◆ ABOUT THIS EXERCISE
Repeat exactly, and only, the lines from the line bearing "1. Commercial for" through the end of the material. Do not copy the pictures.

◆ DATA SECTION
——————

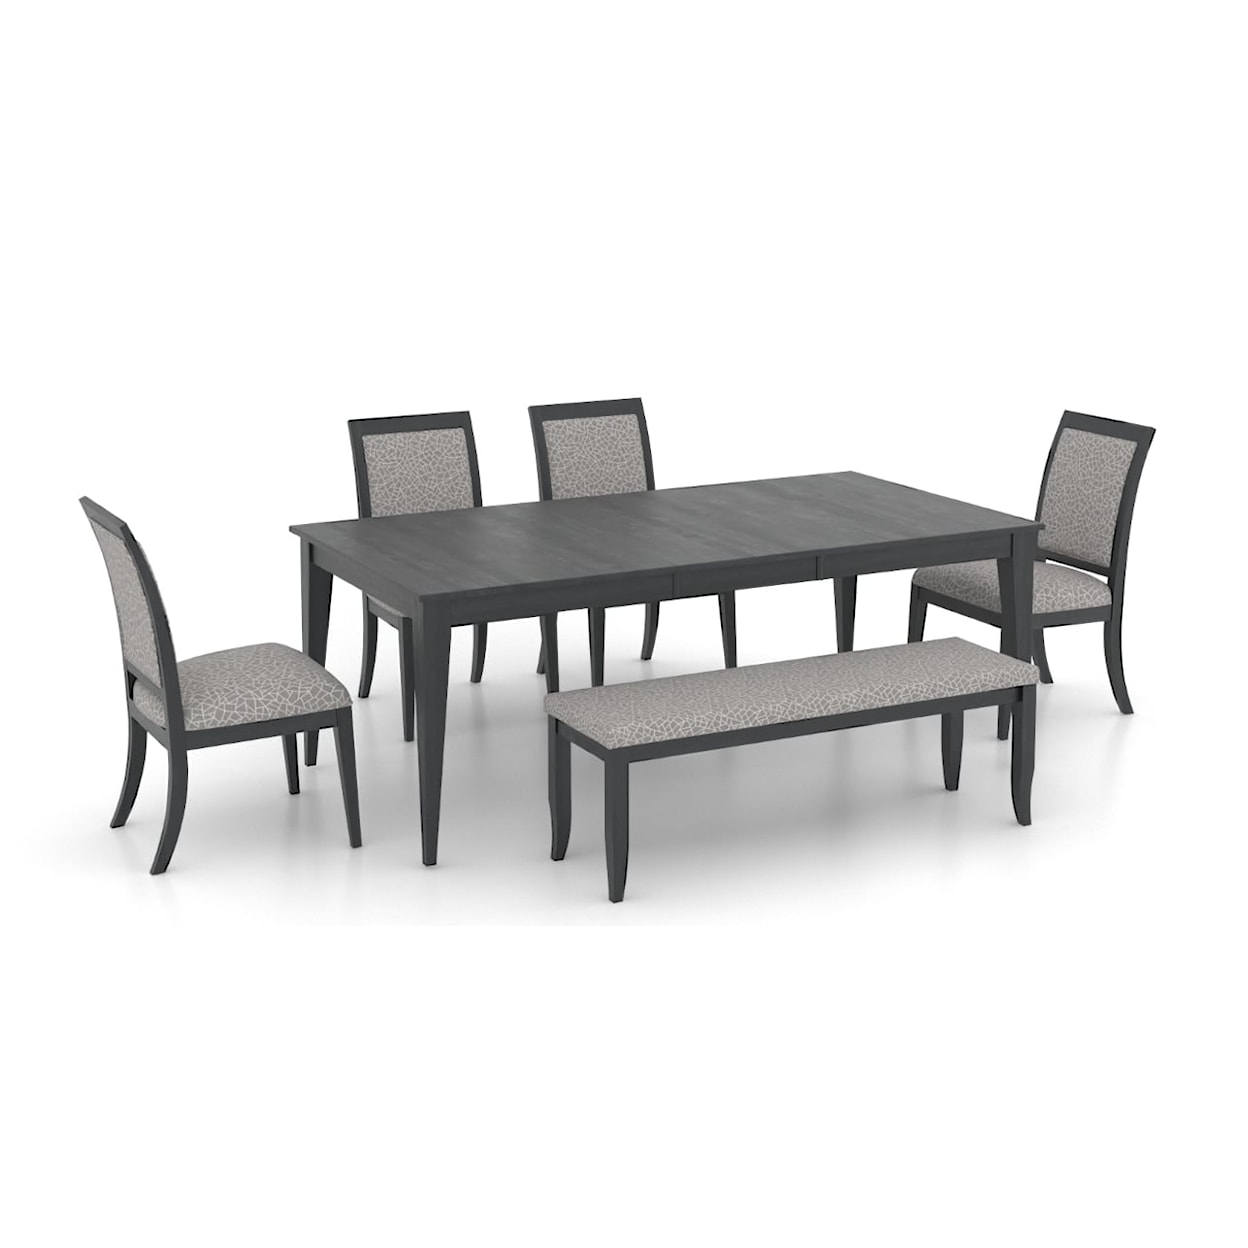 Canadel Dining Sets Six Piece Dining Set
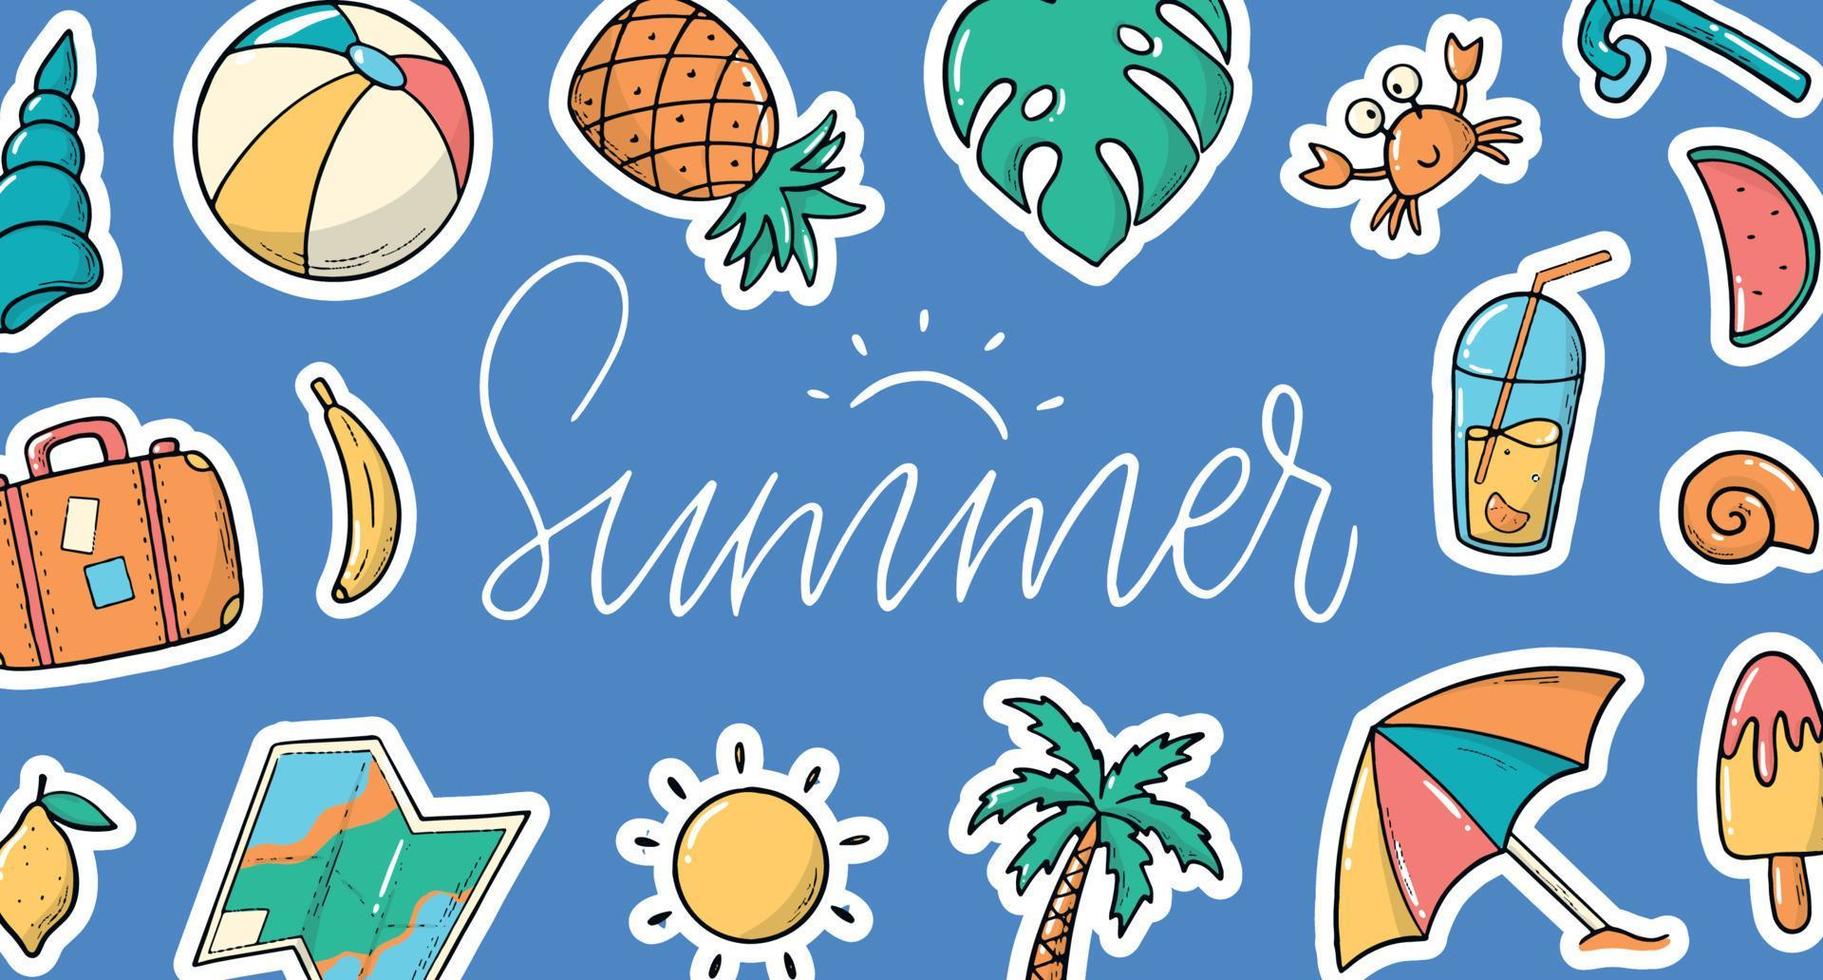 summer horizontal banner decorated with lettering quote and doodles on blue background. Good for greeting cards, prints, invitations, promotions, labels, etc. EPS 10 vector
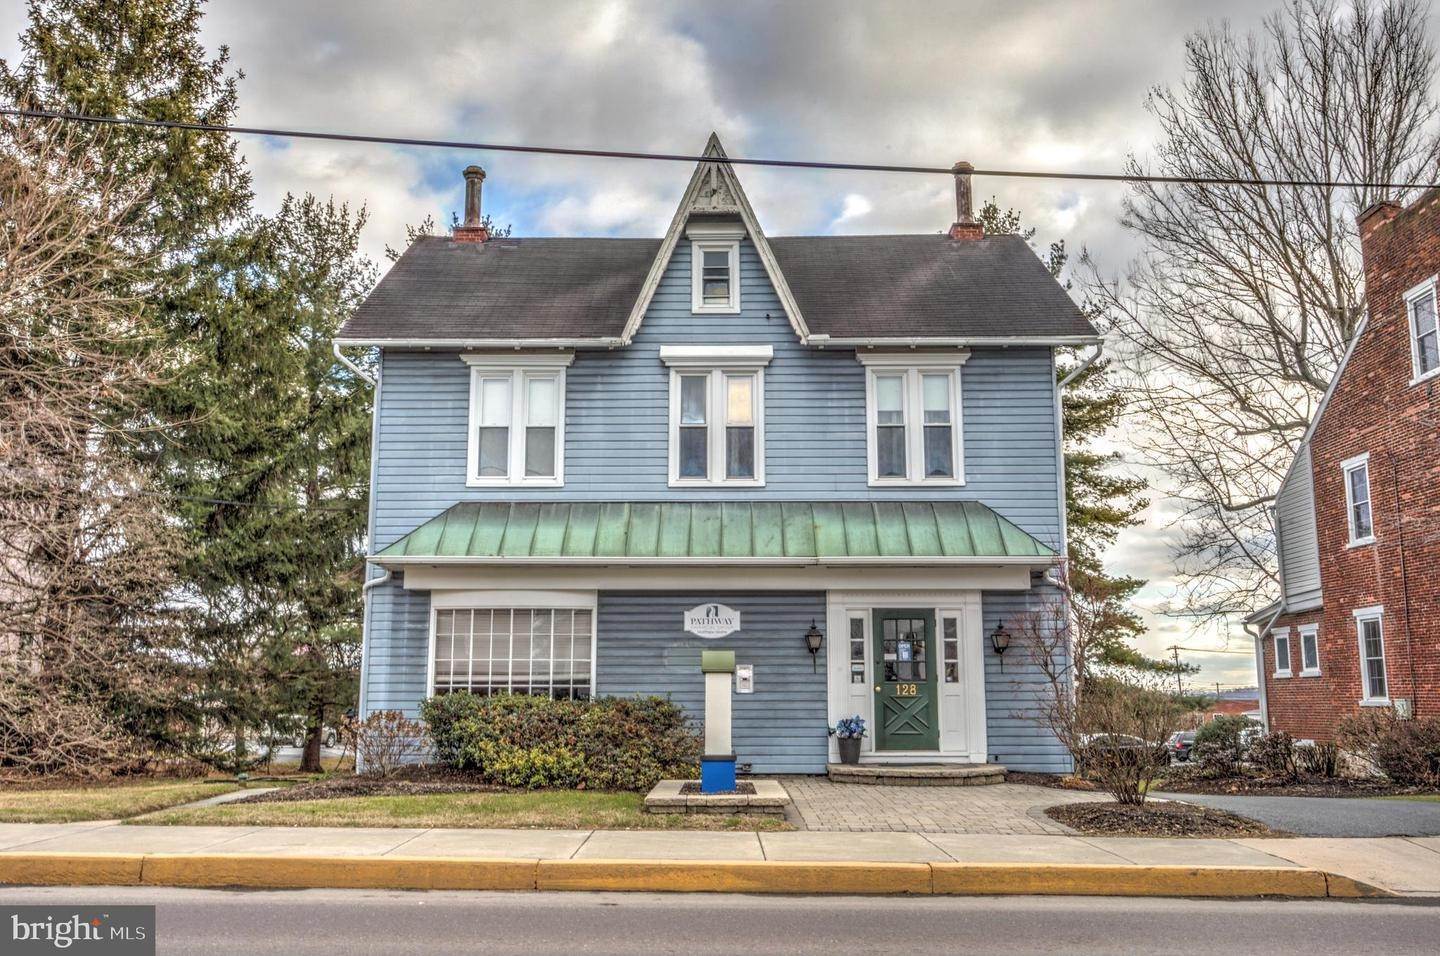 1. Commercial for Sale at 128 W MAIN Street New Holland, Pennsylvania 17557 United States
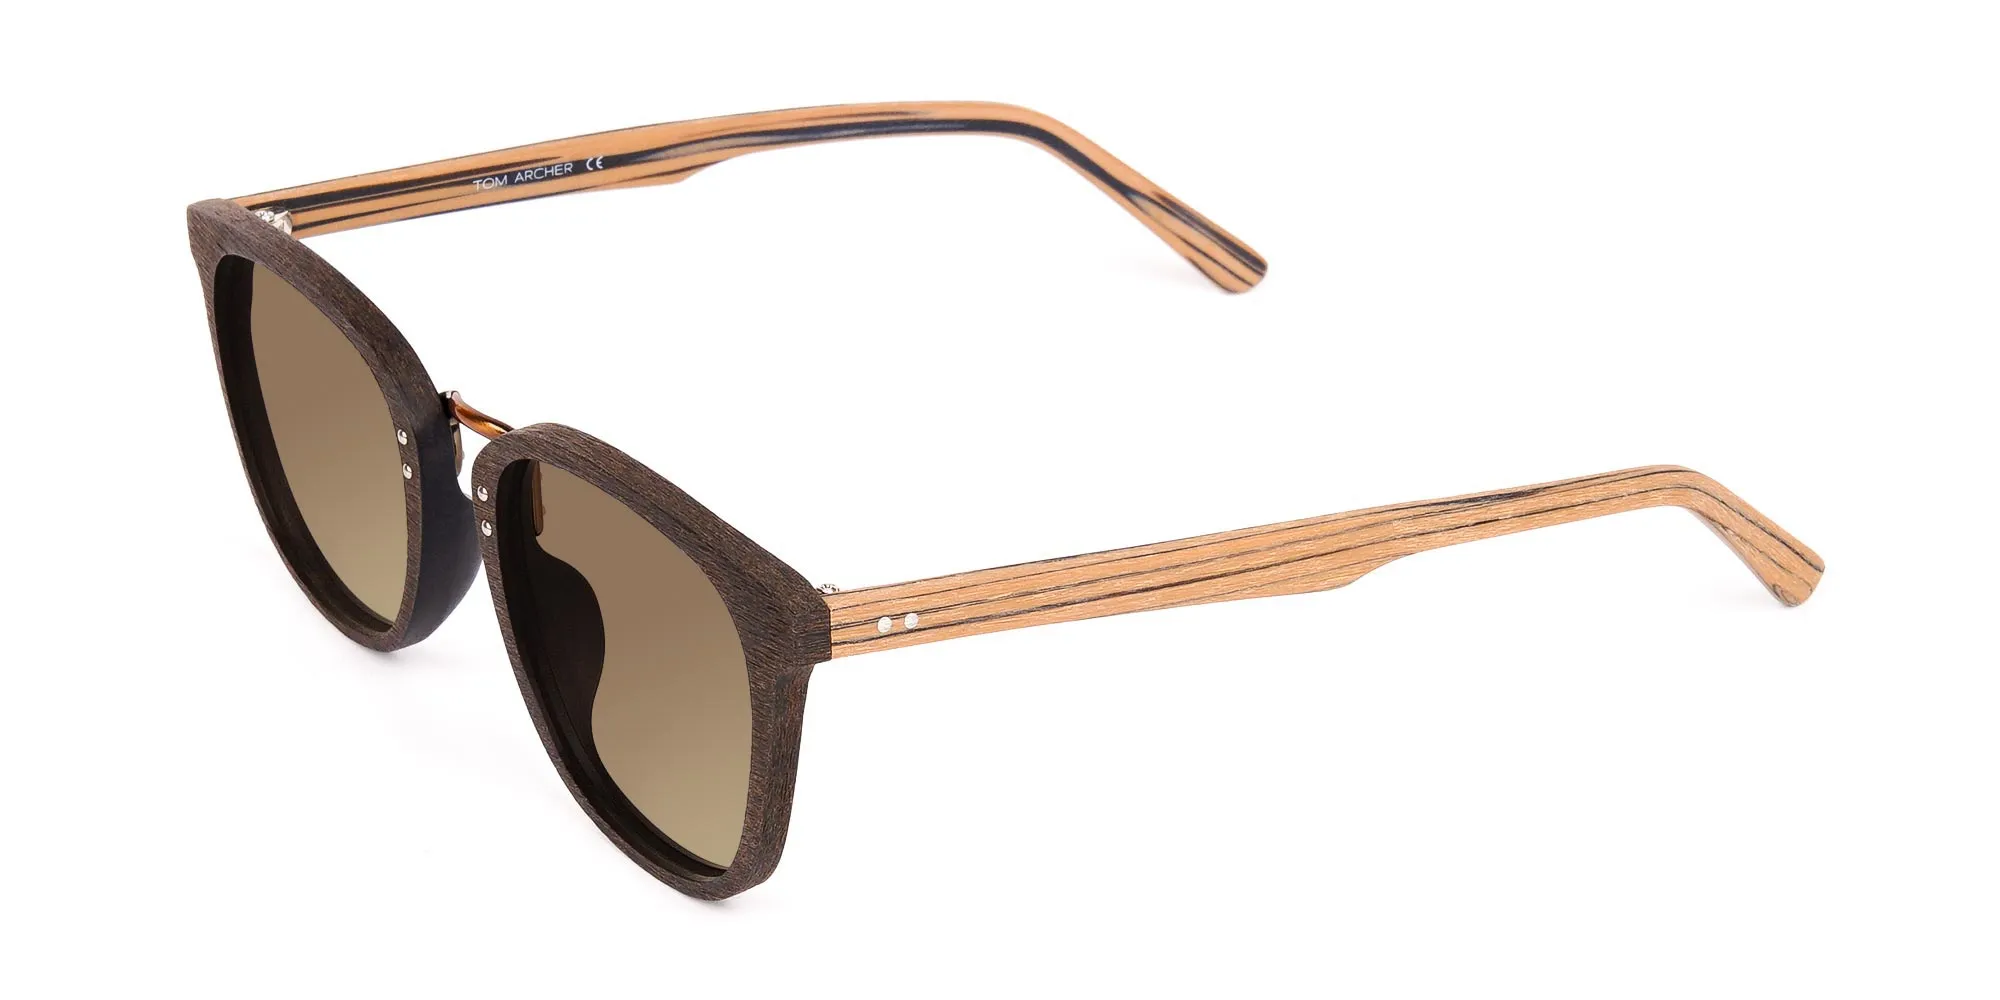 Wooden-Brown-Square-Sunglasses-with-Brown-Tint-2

——————

◆ ANSWER TO THE EXERCISE
 1. Commercial for Sale at 128 W MAIN Street New Holland, Pennsylvania 17557 United States
 Wooden-Brown-Square-Sunglasses-with-Brown-Tint-2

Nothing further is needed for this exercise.